Dear all,

First off, congratulations to everybody on creating this tool, which is going to revolutionise uploading to WikiCommons.

Inevitably what follows is going to be largely a list of nit-picks (and I'm sorry if I haven't tried to find your project plans or bug-tracker first, in case some of the answers are already in the pipeline); but don't let any of the below take away from what is a great achievement.


So, what are some issues that struck me, when uploading the set now at

https://commons.wikimedia.org/wiki/Category:Images_released_by_British_Library_Images_Online

(cat name may move, but this is where it's at for the moment).


* Filenames -- already under discussion in a different thread, at least as regards character replacements.

I was a bit surprised to find the Artwork::title field automatically being built into the file name -- I hadn't expected this.

On the one hand, I can see that it's an important piece of WikiCommons culture to enforce: the name of the work comes first, because that is what people will first see.

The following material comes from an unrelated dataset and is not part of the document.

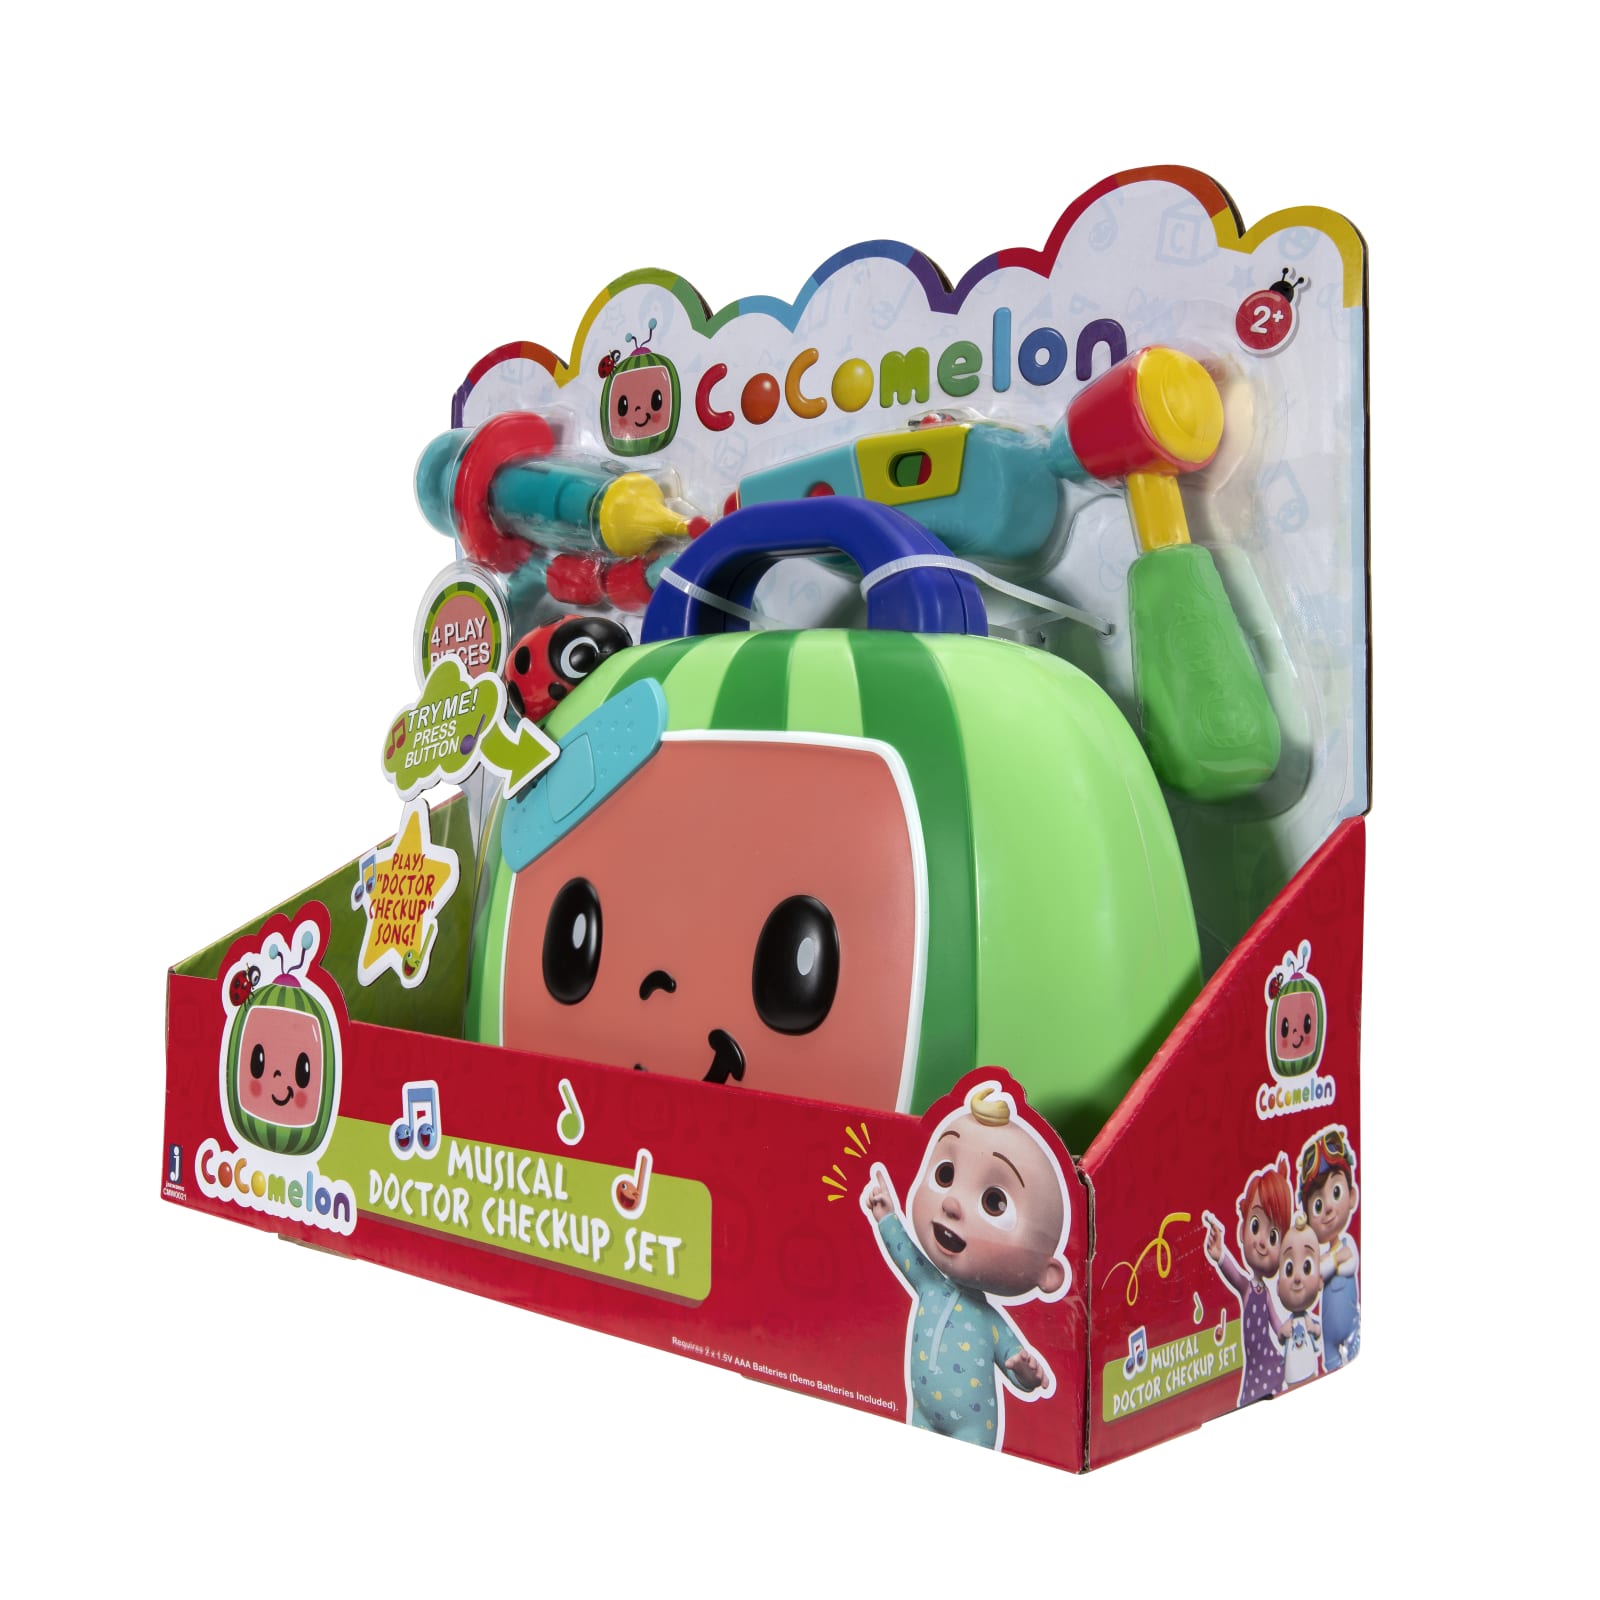 CoComelon Lunchbox Playset $10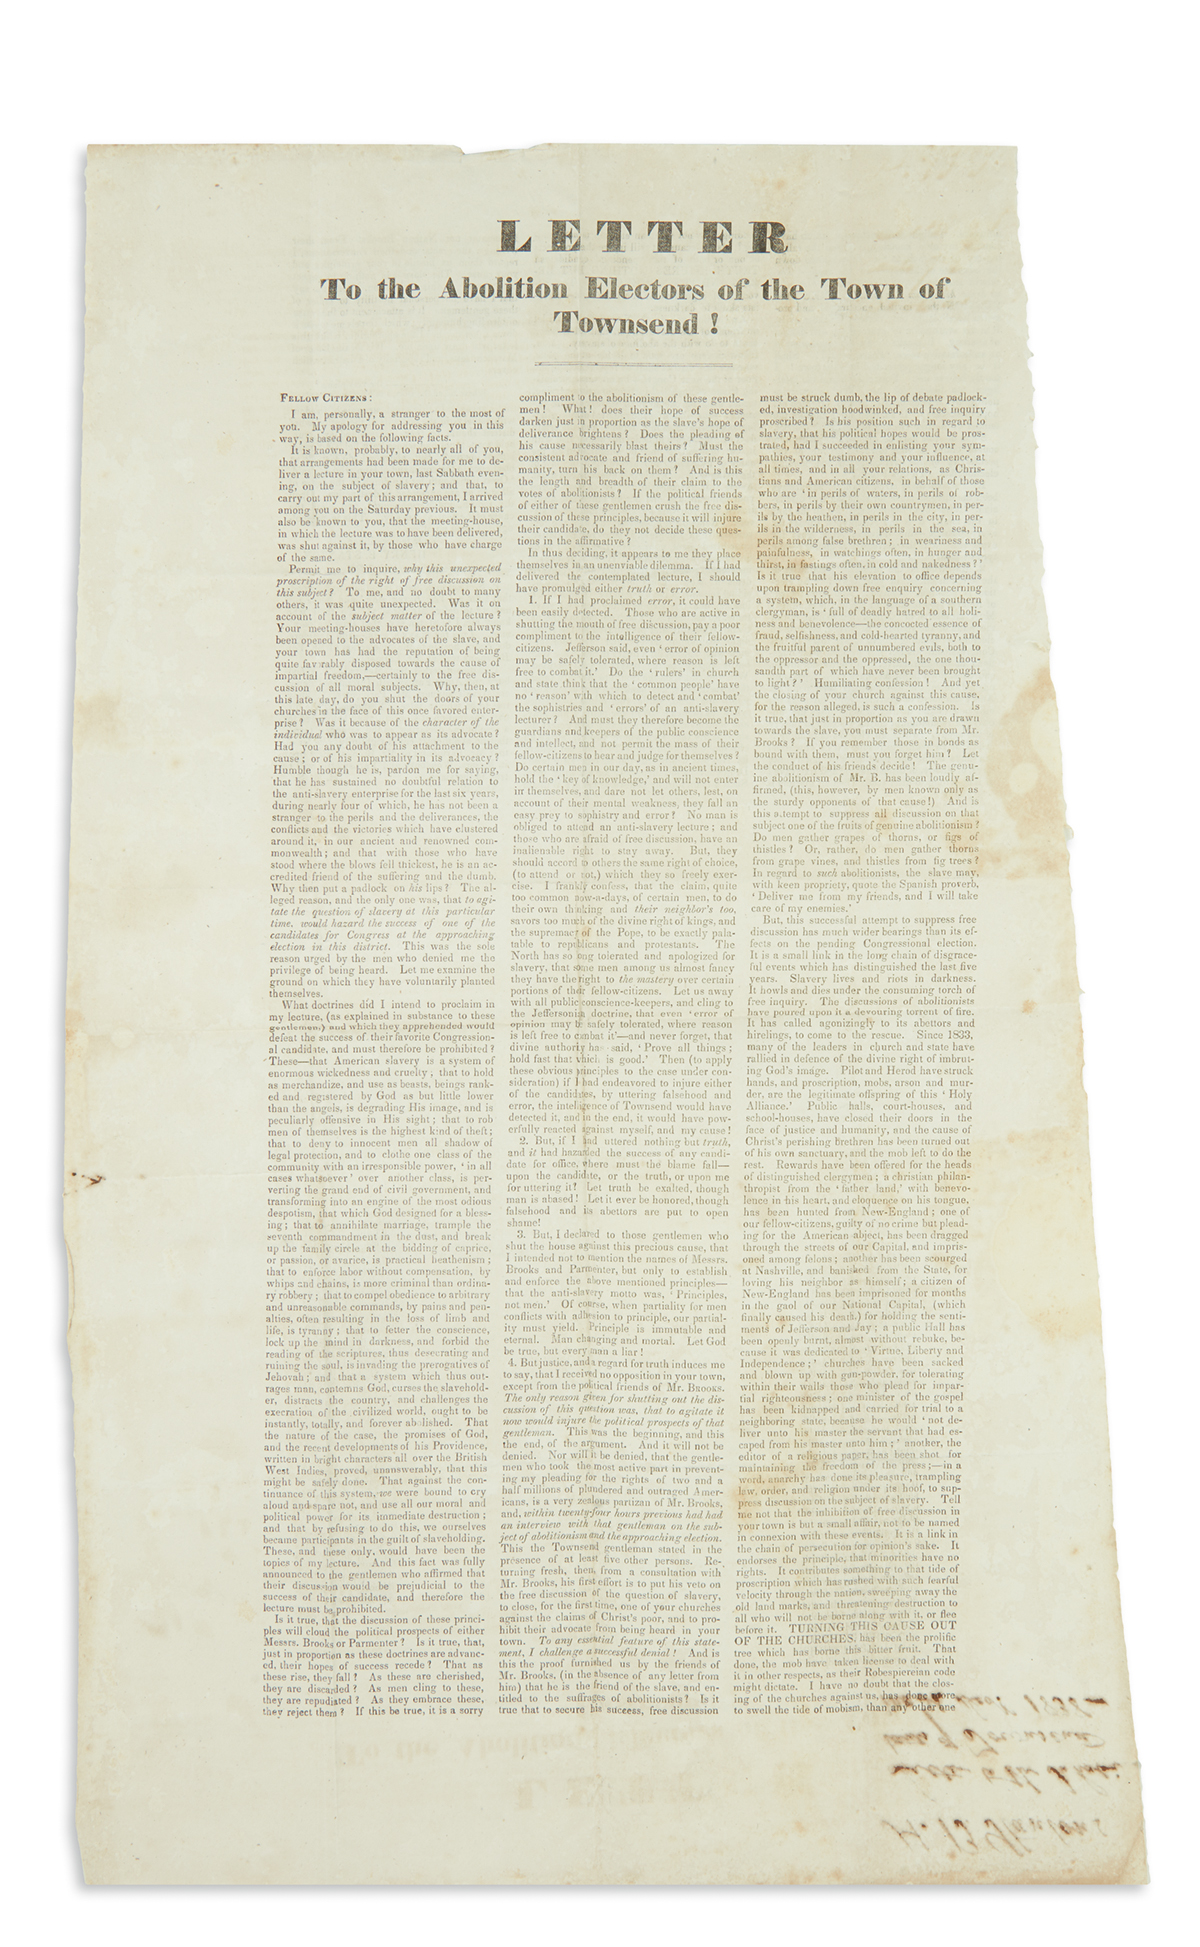 (SLAVERY AND ABOLITION.) Stanton, Henry Brewster. Letter to the Abolition Electors of the Town of Townsend!

But in my case, I sometimes had some very long titles, so I wanted to be able to sometimes have a shortened version in the filename. As a result, to avoid this I found that I was having to move put the picture title into the first line of the description field -- not ideal. So you might want to consider adding an option to de-select this.

It would be nice for users to have a bit more information about how filenames will be created, but this will come.


* Staging area. -- I had had the impression that the initial 3 test uploads would be uploaded to a staging area, rather than the main live wiki. So I was a bit surprised when I found it was indeed the main live wiki they had been uploaded to.

Of course, this makes a lot of sense -- for example, seeing the effect of specialist templates etc. It's just about managing expectations -- and, perhaps, reassuring people that mistakes can be easily removed eg by tagging the wrongly named image with {{duplicate}}. (I ended up with the unexpected title duplication causing unwanted filenames, and then a ".jpg.jpg" set of uploads). I initially wasn't very comfortable with my mistakes happening on the live wiki for all to see, which made me feel quite stressed to start with; but then I relaxed, and started the full upload.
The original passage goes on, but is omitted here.